The nature of a health care system's method of organization can take many forms, including that of a Ministry of Health, as exists in the form of the National Health Service (NHS) in the United Kingdom, to the private Health Care Management organizations (HMOs) and other types of private insurers as exists in the U.S. Many systems of organization often boast a combination of the two, such as the U.S. deployment of Medicare and Medicaid for the poor and/or elderly with a system of private insurance. Although the U.S. adopts a 'hands off' approach in comparison to European methods of health care organization on a national level, health care in the U.S. is still regulated to some degree through agencies such as the Department of Health and Human Services (DHHS), the Center for Disease Control (CDC) and the Food and Drug Administration (FDA) and many others, on a federal level. Health care is also subject to state regulation, and private oversight through professional associations like the American Medical Association (AMA). Religious and charitable organizations that provide funding and places of care also play a role in the organization and oversight of the medical system. Because the U.S. system is so diffuse and decentralized in its nature, regulation and to a lesser degree financing is provided by government organizations, but services are almost always dispensed through private means, along with some private financing from individuals and organizations (Koehlmoos 2008).

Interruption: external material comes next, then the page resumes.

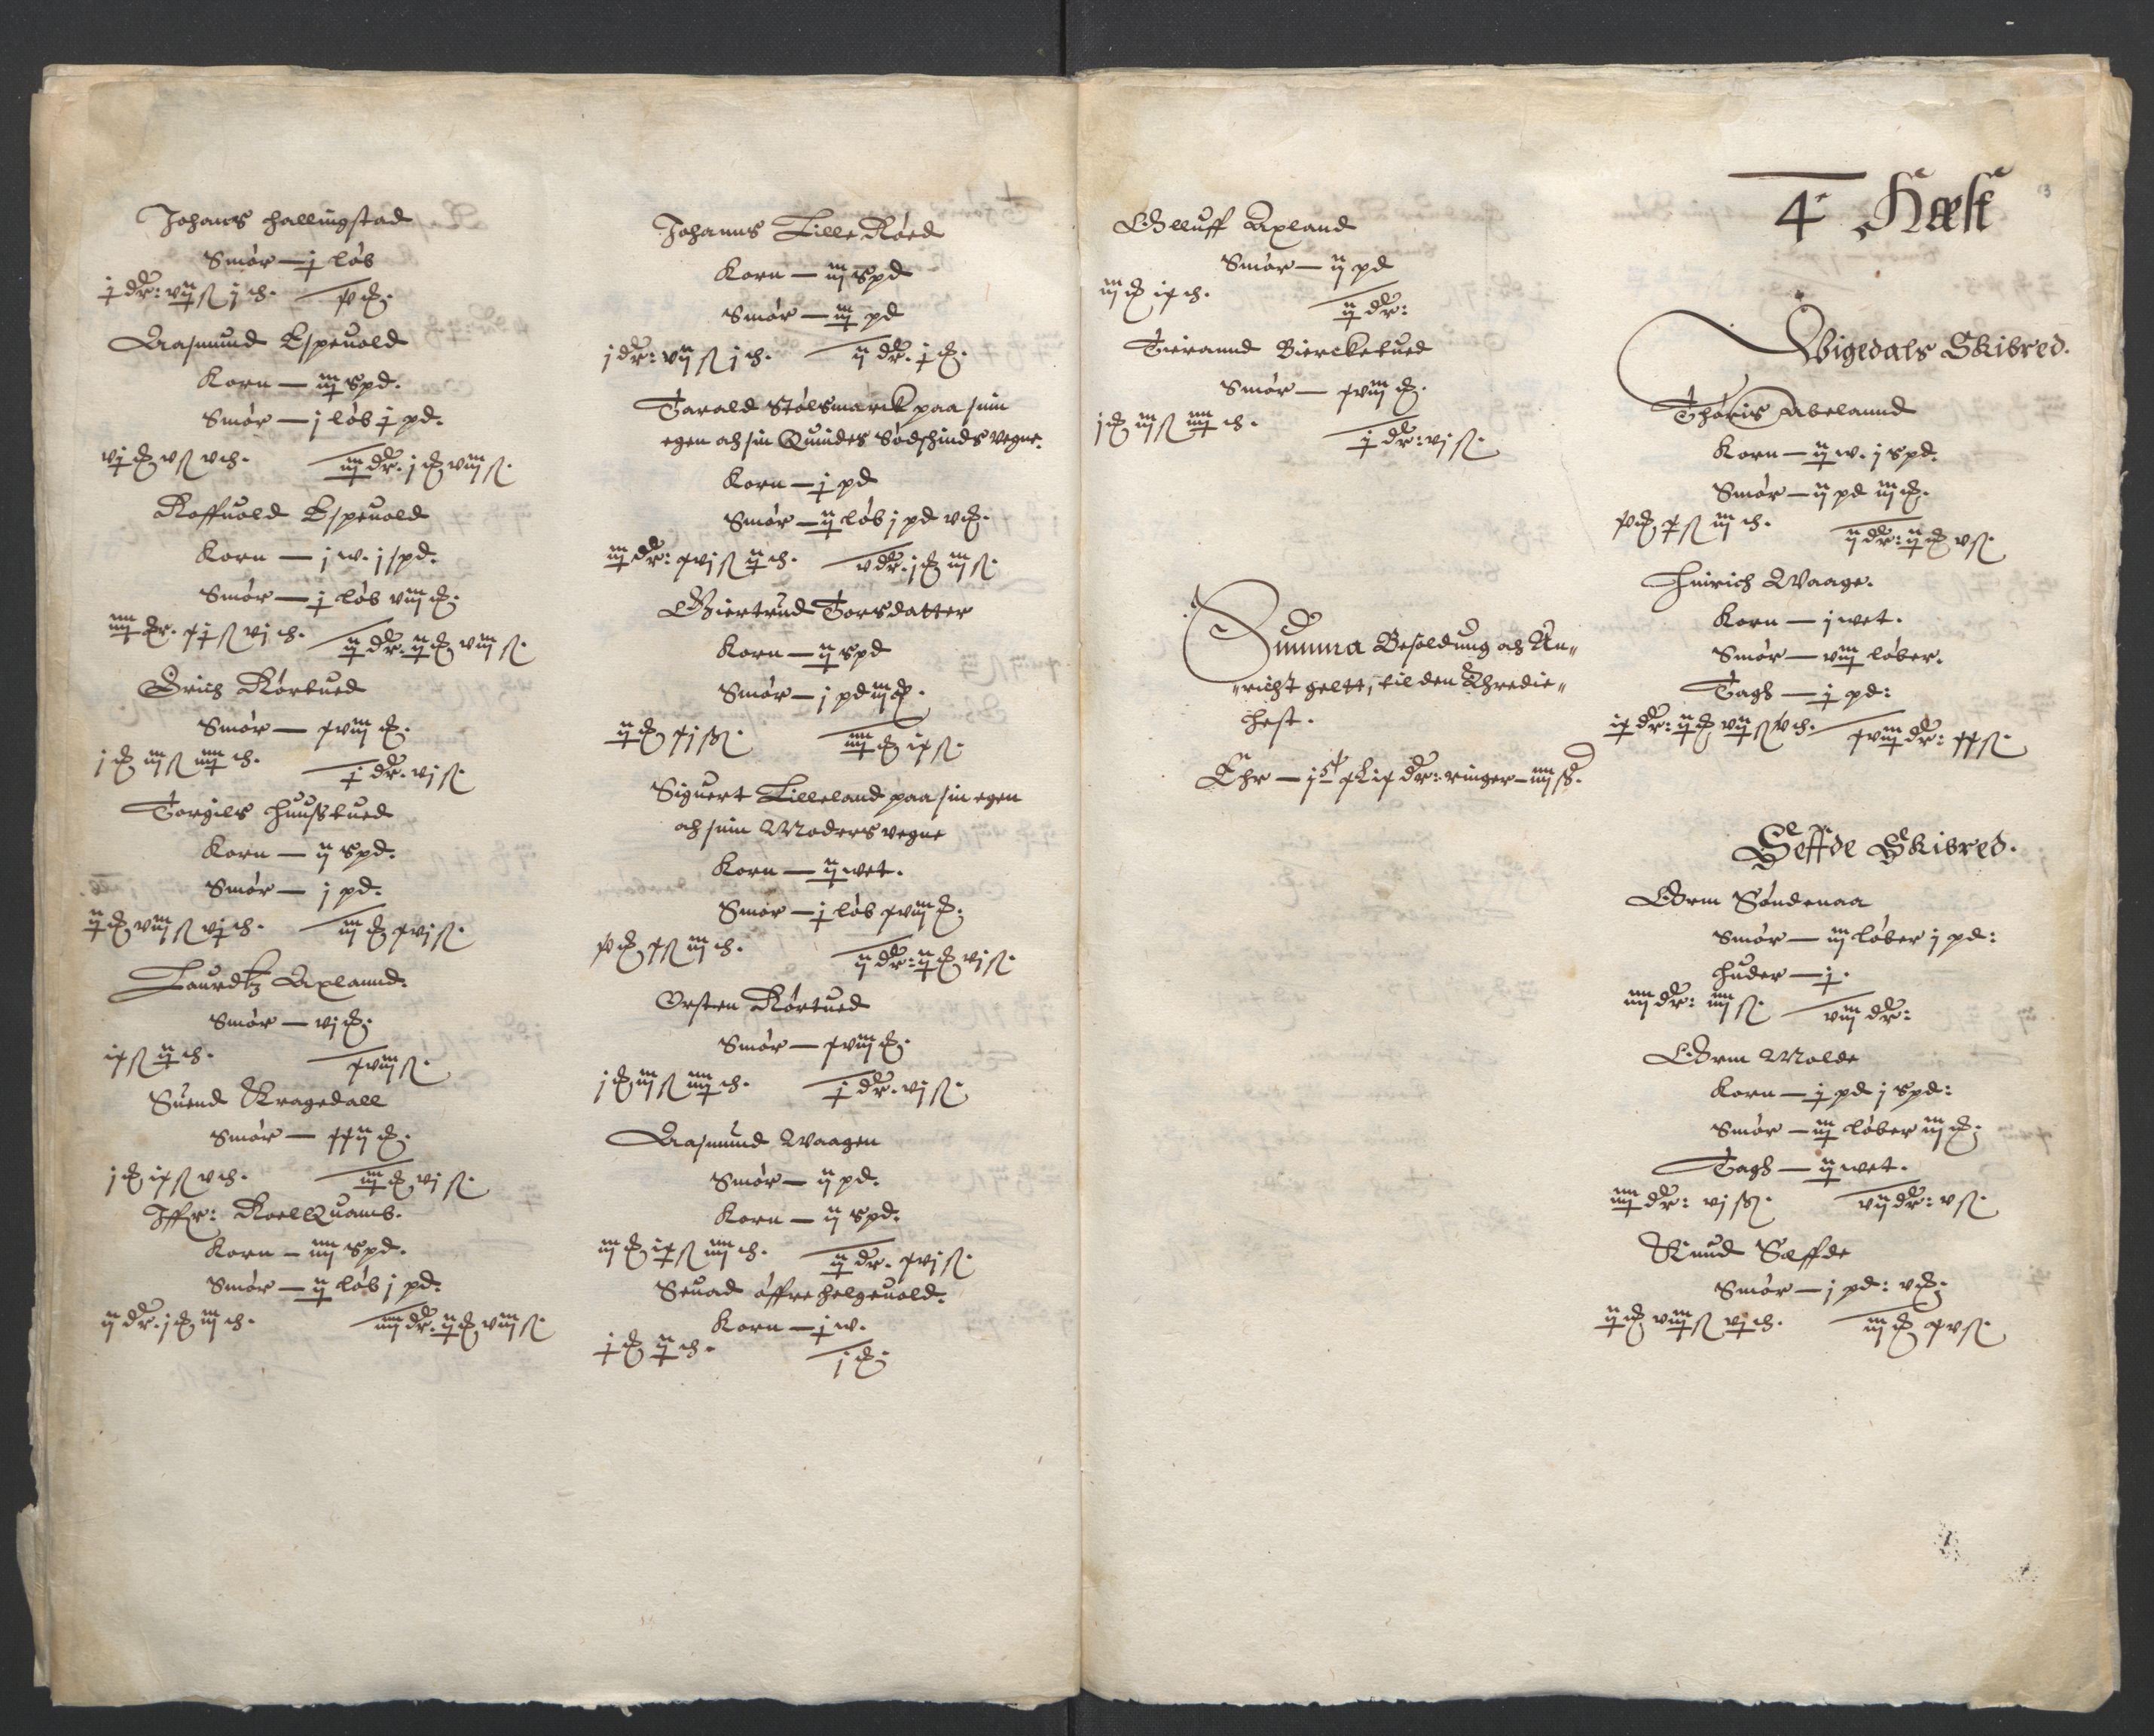 RA, Stattholderembetet 1572-1771, Ek/L0010: Jordebøker til utlikning av rosstjeneste 1624-1626:, 1624-1626, s. 78

In short, to provide healthcare for a large population of people in an effective fashion, a large, bureaucratic organization or system of distribution, or several organizations, are required for proper provision. A comprehensive and impersonal bureaucracy of rules and regulations fosters and maintains the second function of healthcare in Romer's model, that of the management or the planning, administration, regulation, and oversight component. Proper management ensures that regulations and legislation are enforced and procedures are carried out in a systematic, medically safe, and fair fashion. Because of the decentralized nature of the U.S. system, lower-level administration also often takes place on a private level, as does dispensing of professional qualifications and oversight of professional behavior, as in the case of the American Medical Association (AMA). Furthermore, most universities are private or receive private aid as well as public financing in the case of state-run medical schools, thus management of care is taught and passed on through private institutions.
In terms of economic support, even nationally funded systems or 'free' systems are dependent upon taxes and other forms of public aid -- health care always 'costs' in some way. Health care organizations are for-profit businesses in the U.S. And make up 34% of health care payments and costs within the national system (Koehlmoos 2008). Out-of-pocket payments make up 15%, and Medicare and Medicaid 17% and 16% respectively (Koehlmoos2008). The selling of services to hospitals and physicians dominates the bulk of money spent on care in the U.S. Of the funds allocated to health care delivery, 33% of all the money spent on health care goes to hospitals, 23% to physician services. Healthcare is the largest industry in the U.S., employing 11.9 million workers (Koehlmoos 2008).
Individual hospitals may be for profit or not-for-profit and rely upon volunteers, donations, and public funding. Out-of-pocket funding is an occasional, personal method of economic support, on a case-by-case basis, when individuals have no insurance, and private financing also occurs outside of the U.S. when some citizens seek out private health care providers in countries with the option of going to free national providers. Thus private funding and insurance through the private market, even privately-financed research on drugs and medical technology creates the financial basis of the U.S. system, and tangentially sustains many other systems. Capitalism fuels health care's continued existence in the U.S., however, and is not merely a subsidiary component. This fact also provokes occasional allegations conflicts of interest, such as when doctors who are being paid by drug companies publish their research in allegedly unbiased fashion in peer-reviewed medical journals of repute. However, most research on drugs is still undertaken by the federal government, and all drugs must be approved by the FDA.